This presumed expanding-circular search, which forms an integral part
of the DL hypothesis, is expected of almost all recruits that attend
round dances, and most recruits that attend waggle-dances.This
expanding circular-search, however, apparently does not exist at all.
Had it existed, it should have often been seen by observers at
stations, for recruits expected to arrive very close to a station, but
outside the odor-plume from the station; (all the more so, if the
station happens to be the foragers'-station). It has never been seen by
any observers.
In other words, v. Frisch's expectations from the DL hypothesis are
also in error. All DL sup****ters who ever claimed to have
experimentally confirmed use of DL information on the basis of
distributions of new-arrivals (starting with v. Frisch himself),
interpreted their data by relying on v. Frisch's erroneous expectations
from the DL hypothesis. All such claims are, therefore non-valid.

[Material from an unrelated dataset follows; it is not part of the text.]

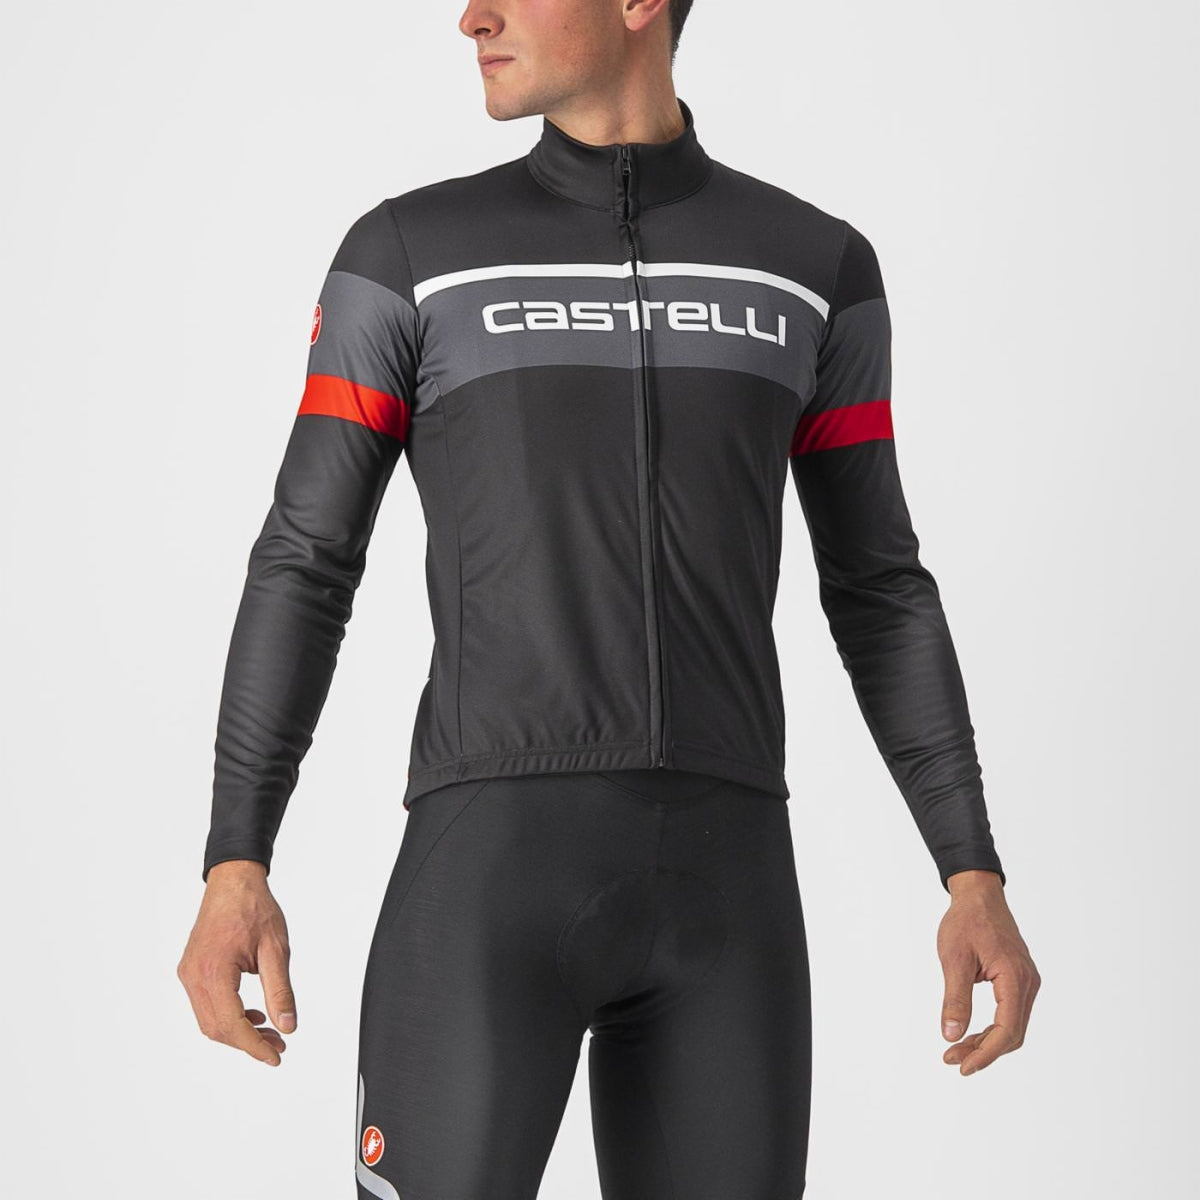 Castelli Passista jersey

More over, all such claims (including v. Frisch's own claims, but
excluding Gould's claims), are also based on studies by DL sup****ters
who interpreted their data on the basis of v. Frisch's erroneous
expectations from use of odor alone all along. Gould, in contrast,
interpreted his data on the basis of expectations that are totally
irrelevant to the whole DL controversy. (He assumed that when recruits
use odor alone all along, they still use information about the
approximate site of the foragers'-station, but they presumably obtain
the information by using the natural locale odors the foragers bring in
from the specific locale of the foragers'-station, and maps of the
"olfactory landscape" over the whole foraging area of the colony.)
All claims by DL sup****ters to have obtained an experimental
confirmation for the existence of the honeybee DL, that are based on
distributions of new-arrivals, are, therefore not only non-valid, but
doubly non-valid. This, incidentally, applies, among others, to the
claim by Gould (in Science of 1975), and the claim by Esch et al. (in
Nature of 2001), whose assistance is enlisted by Riley et al. In the
Nature 2005 study, which I had already dealt with in my previous post.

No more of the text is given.